Let's calculate the negative log likelihood for a simple dataset with mean 1.8 and standard deviation 0.4.

Data Point Log Likelihood Negative Log Likelihood
1.2 -1.52 1.52
1.5 -0.92 0.92
1.8 -0.12 0.12
2.1 -0.92 0.92
2.4 -1.52 1.52
Total -4.08 4.08

The negative log likelihood for this dataset is 4.08. A lower value would indicate a better fit of the model to the data.

FAQ

What is the difference between log likelihood and negative log likelihood?

Log likelihood is the natural logarithm of the likelihood function, while negative log likelihood is its negative value. The negative sign is used because optimization algorithms typically minimize functions rather than maximize likelihood.

When should I use negative log likelihood?

Negative log likelihood is commonly used in maximum likelihood estimation for parameter estimation, in model comparison, and as a loss function in machine learning models like logistic regression and neural networks.

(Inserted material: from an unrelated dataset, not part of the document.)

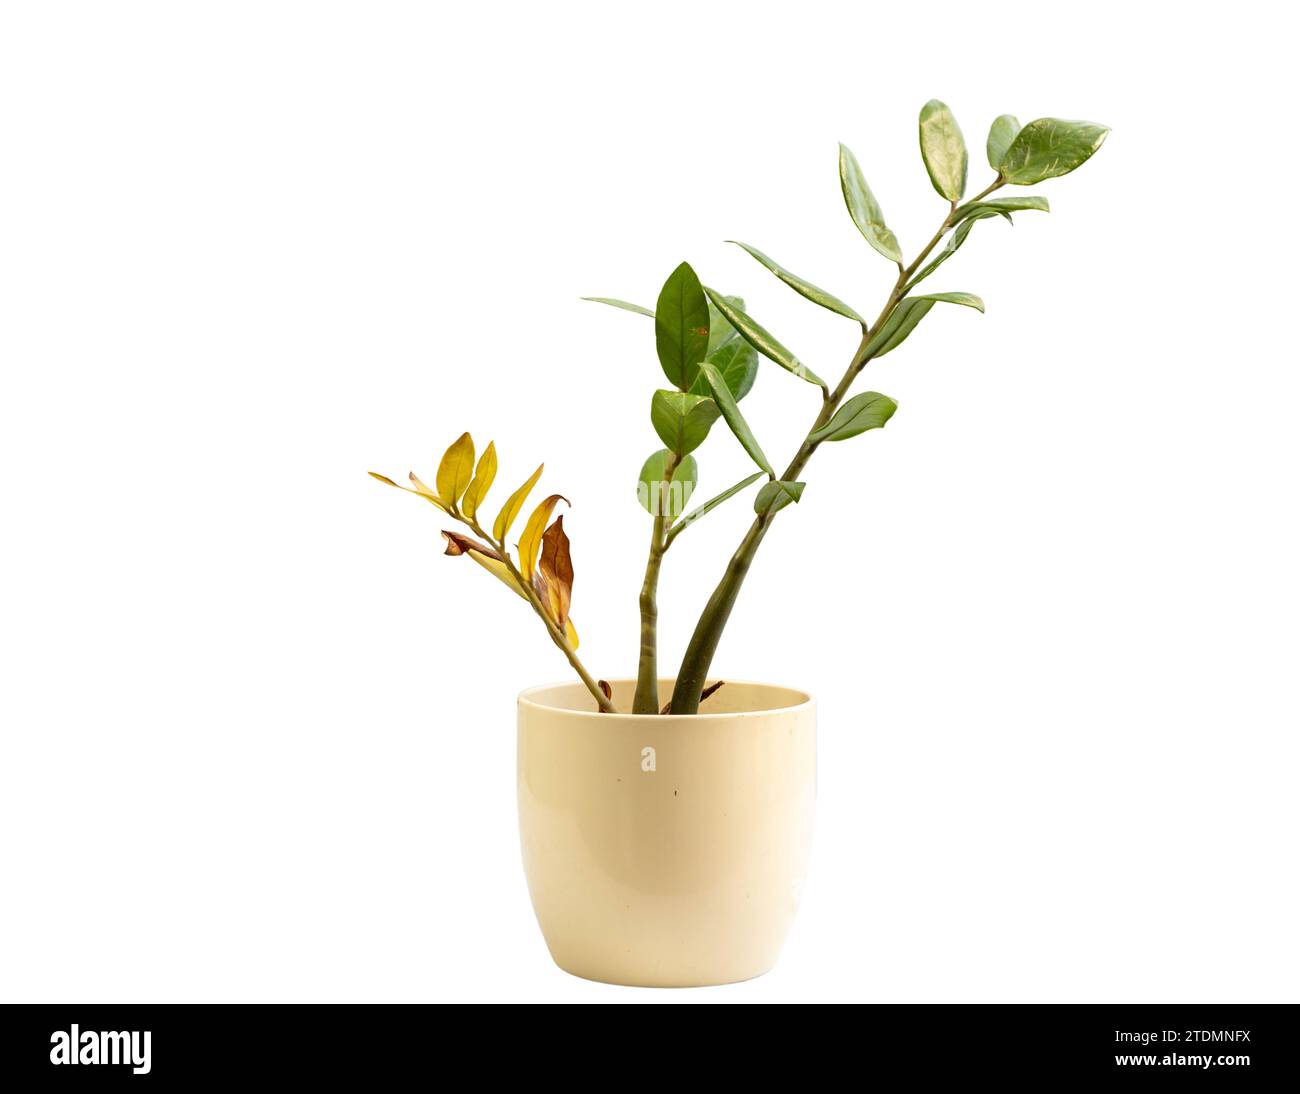 Zamioculcas zamifolia plant with dry leaves isolated on white background Stock Photo
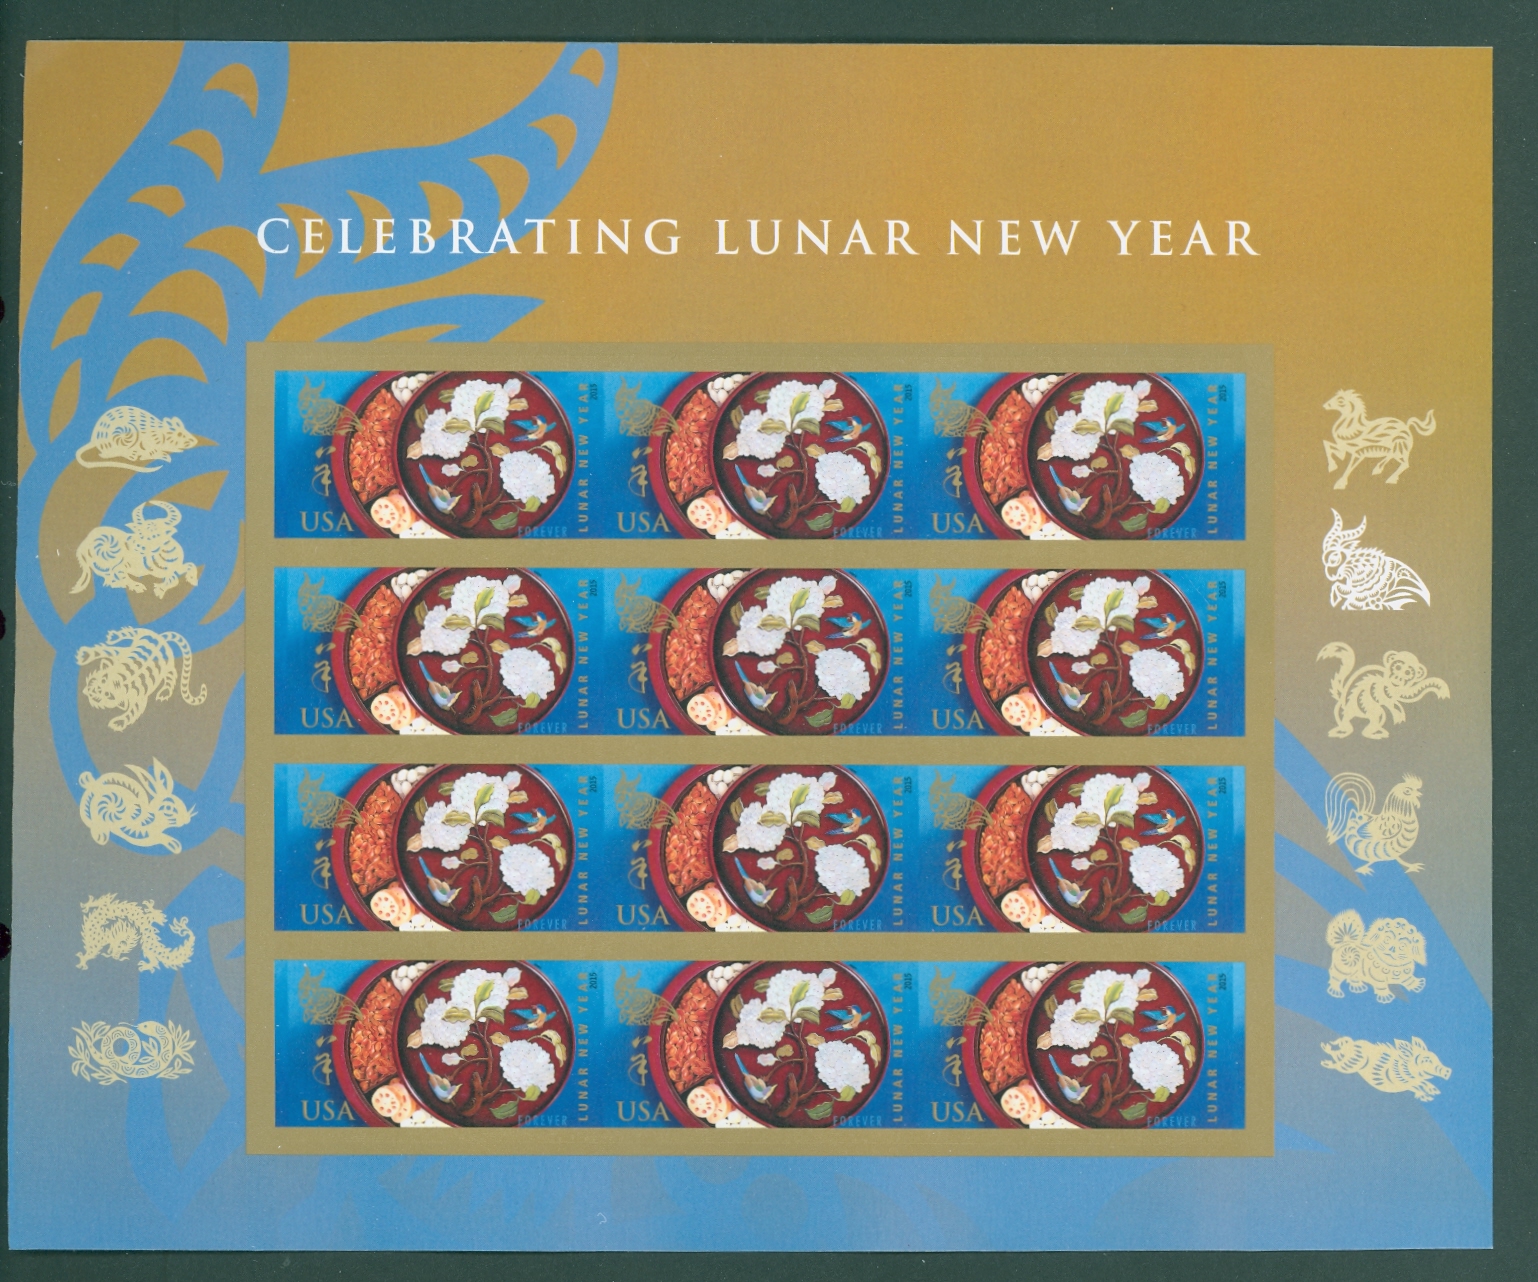 4957 Forever Lunar New Year, Year of the Ram, Mint Sheet of 12 #4957sh

How do I interpret the negative log likelihood value?

A lower negative log likelihood indicates a better fit of the model to the data. You can compare NLL values between different models to determine which one fits the data better.

Can I use negative log likelihood for non-normal distributions?

Yes, negative log likelihood can be calculated for any probability distribution. You would use the appropriate log probability density function for the specific distribution you're working with.